Commentary

Social Stocks Tumble, Again

The beginning of 2016 hasn’t been kind to investors in general, as the stock market tumbles amid concerns about the slowing economy in China and plunging oil prices. But within the wider angst the social media sector is having its own mini-meltdown, with share prices falling even more than the overall indices. Although each company has its own story of woe, broadly speaking the decreases reflect concerns about overvaluation, profitability and growth rates.

Facebook, the world’s dominant social network, has seen its share price sink from a recent high of $107.26 on December 29 to $94.28 at the time of writing, for a 12% drop in a little over two weeks.
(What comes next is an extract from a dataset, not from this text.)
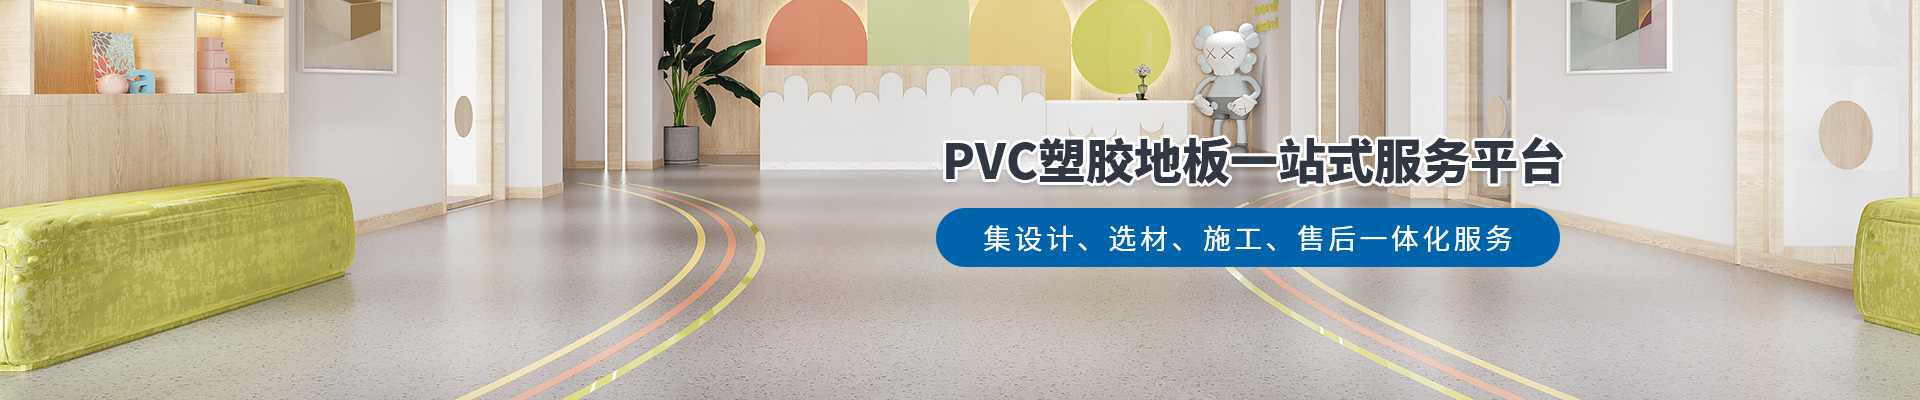 鳳城橡塑，PVC塑膠地板一站式服務平臺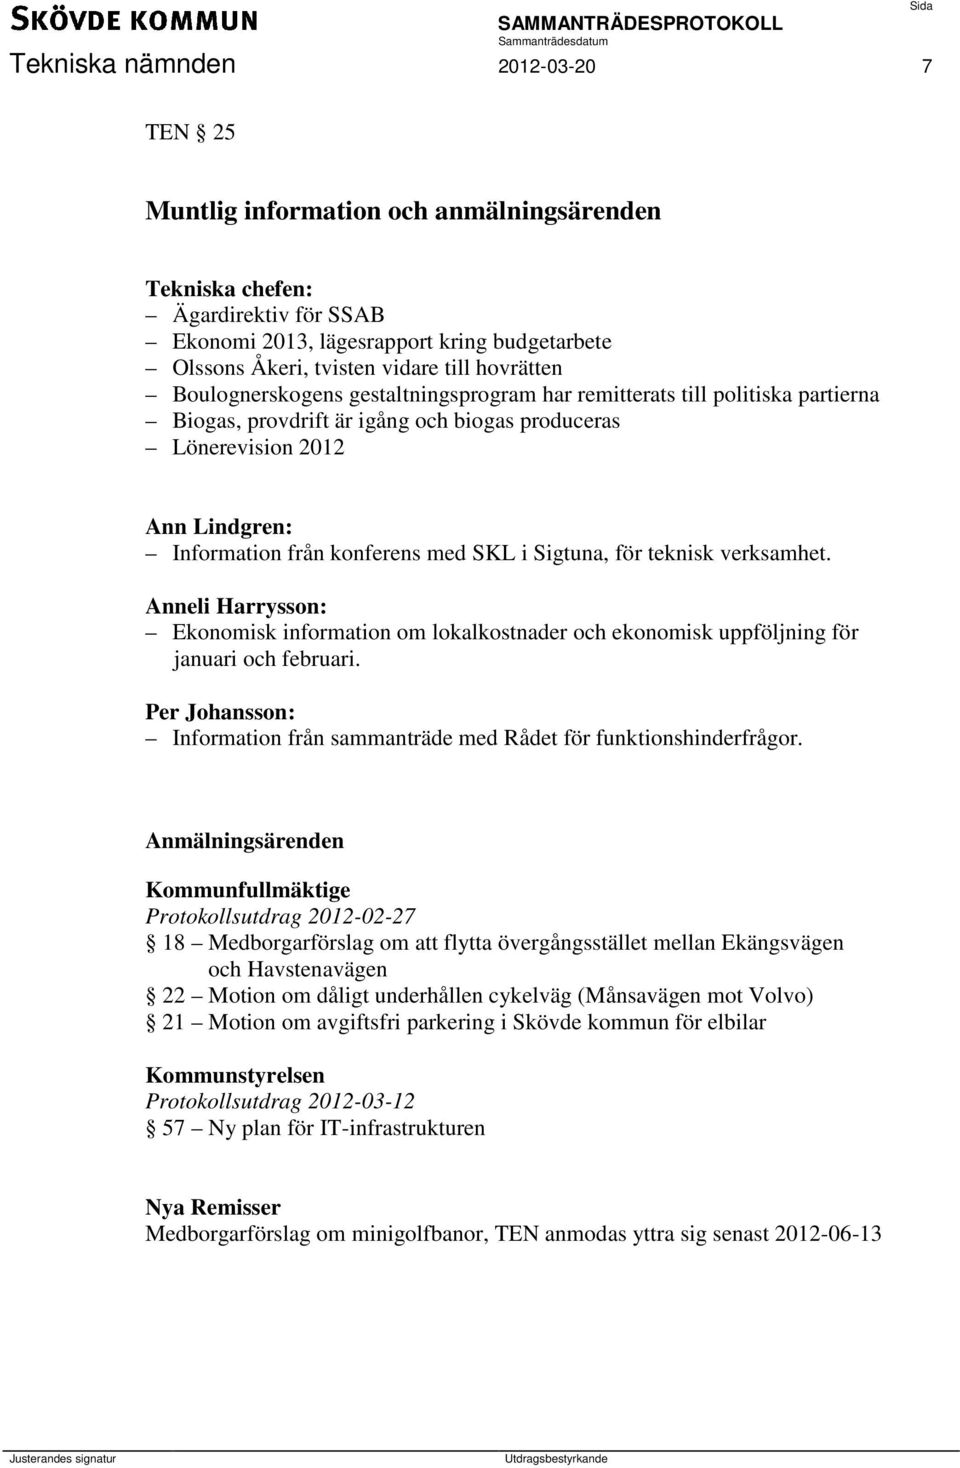 SKL i Sigtuna, för teknisk verksamhet. Anneli Harrysson: Ekonomisk information om lokalkostnader och ekonomisk uppföljning för januari och februari.

For comparison, the Dow Jones Industrial Average is down about 9% over the same period. Of course, Facebook’s shares are still well above their IPO price of $38 in May 2012, but the steady downward march has to be keeping investors up at night.

While there are no major setbacks to account for this drop, analysts pointed to Facebook’s high price-to-earnings ratio of one to 96, compared to an average of one to 15.53 for DJIA and one to 22.01 for the Nasdaq 100. Investors may also be concerned about a hostile regulatory environment abroad: in Europe Facebook is facing a slew of privacy investigations over its use of cookies, access to users’ email contacts and data transfers to the U.S., among other things. Meanwhile the Indian government recently put the kibosh on Free Basics, its program to bring Internet access to underserved areas, on net neutrality grounds.

Twitter’s share price has declined steadily from a recent high of $31.34 in October, when co-founder Jack Dorsey returned as CEO, to $17.98 today, a steep drop made even worse by the fact that the current price is also down 31% from its IPO price of $26 a share in November 2013. Twitter is contending with more serious long-term concerns than Facebook, including its lackluster growth rate, which has slumped from almost 40% year-over-year in the third quarter of 2013 to just 8% in the third quarter of 2015 (to 307 million monthly average users), the most recent quarter for which figures are available. The slowing growth rate wouldn’t be such a big deal if Twitter were profitable, but it’s not: the company posted a net loss of $131.7 million in the third quarter of 2015, down from $175.5 million in the third quarter of 2016.

LinkedIn, long the high-flier in the social media sector, has seen its stock price erode from $255.54 on November 10 to $194.07 at the time of writing. That’s still up from the IPO price of $45, but again the recent slump seems to reflect concerns that the stock may be overvalued. Analysts noted that LinkedIn’s earnings per share has been disappointing, as its net loss increased from $4 million in the third quarter of 2014 to $40.5 million in the third quarter of 2015.